Boa noite, seja suave o teu descanso
Como aquel’ que em meu peito mora manso.

ROMEU:
Oh! deixar-me-ás assim insatisfeito?

JULIETA:
Mas qual satisfação querias hoje?

ROMEU:
Só a troca das juras fieis de amor.

JULIETA:
A minha, sem ma ter’s pedido eu dei-ta:
Ah!, se ela em minha posse ‘inda estivesse…

ROMEU:
Com que intenção, amor? P’ra a retirares?

JULIETA:
Para ta dar de novo, com candura.
E, contudo, desejo o que já tenho.
Pois sou tão generosa quanto o mar,
E tão profunda: quanto mais te dou,
Mais tenho, é dupla a nossa infinidade.
Ouço ruído lá dentro. Amor, adeus! –
[Fora de cena, a ama chama por Julieta]
Já vou, ama! – Montéquio, sê leal.
Fica apenas um pouco, que eu já volto.

ROMEU:
Oh! noite tão bendita que me faz
Recear que por ser noite eu viva um sonho,
Um deleite que iluda a realidade.
[Surge Julieta em cima]

JULIETA:
Duas palavras, amor, e então boa noite.
Se pretendes honrar-me em casamento,
Informa o mensageiro que amanhã
Eu te enviarei, da hora e do lugar
Em que o ritual será cumprido, e então,
A teus pés estará minha fortuna,
E seguir-te-ei, senhor, por toda a parte.
 
[Fora de cena, a ama chama: “Minha senhora!”]
 
Já vou. – Mas se não tens intenções puras,
Imploro-te –
 
[Fora de cena, a ama chama: “Minha senhora!”]
 
Eu vou já sem demora. –
Que a luta cesses, deixa-me em pesar.
Amanhã se fará.

ROMEU:
Disso dependo –

JULIETA:
Mil vezes boa noite!

ROMEU:
Mil vezes entristeço sem tua luz.
O amor do amor se afasta com o amuo
Da criança que retorna para o estudo.
[Surge Julieta de novo em cima]

JULIETA:
Ouve!

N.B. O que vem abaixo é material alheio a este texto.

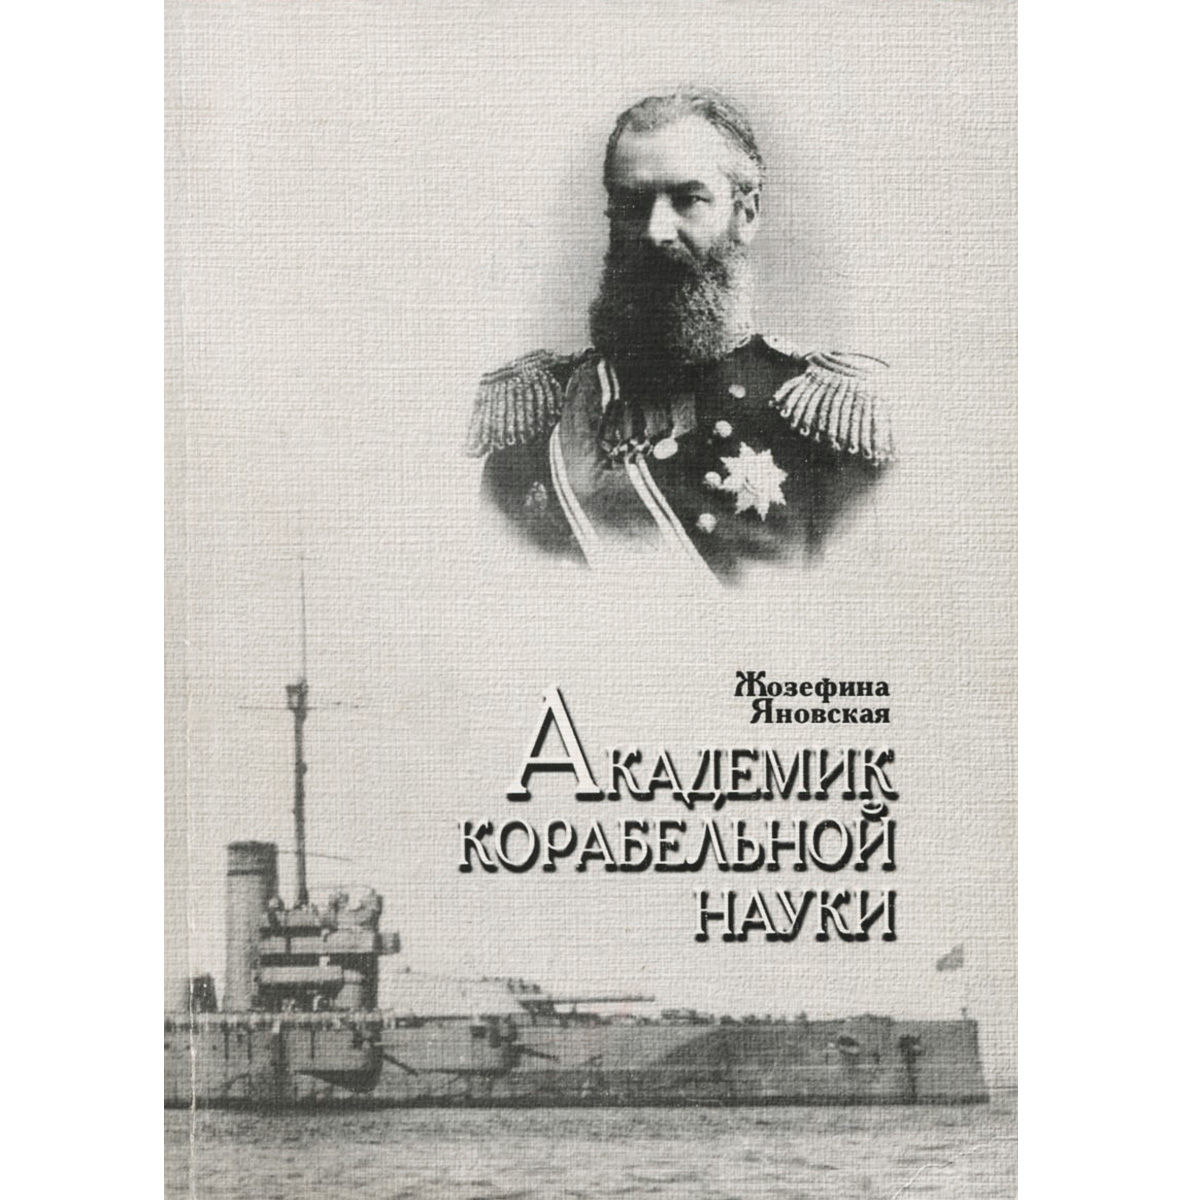 Крылов Алексей Николаевич кораблестроитель

Tivesse eu voz de falcoeiro,
P’ra fazer regressar a minha ave!
A servidão é rouca, fala baixo,
Senão eu forçaria a gruta de Eco,
P’ra lhe impor rouquidão maior que a minha
Com a repetição do meu “Romeu”.

ROMEU:
É a minha própria alma que me chama.
Que bem soam à noite os namorados,
P’ra quem os ouve fazem suave música!


JULIETA:
Romeu!

ROMEU:
Avezinha?

JULIETA:
A que horas, amanhã, te envio alguém?

ROMEU:
Quando soarem as nove.

JULIETA:
Cumprirei: são vinte anos até lá.
Mas que outra coisa eu vinha te dizer?

ROMEU:
Até te recordares fico aqui.

JULIETA:
Só me recordarei de como gosto
Da tua companhia, fica então.

ROMEU:
Não hás de ter nenhuma outra lembrança,
Nem eu hei de ter poiso senão este.

JULIETA:
Sendo quase manhã, quero que partas:
Não mais, porém, que a ave do garoto
Que a deixa voar um pouco da sua mão,
Prisioneira em grilheta retorcida,
E com fio de seda a traz de volta
Da liberdade até ao seu ciúme.

ROMEU:
Fosse eu essa tua ave.

JULIETA:
Digo o mesmo:
Mas ser-te-ia letal tanto cuidado.
Boa noite! É dor tão doce o ir’s embora,
Que eu direi boa noite até à aurora.

ROMEU:
More sono em teus olhos, paz no peito!
Fosse eu tal sono e paz nesse teu leito!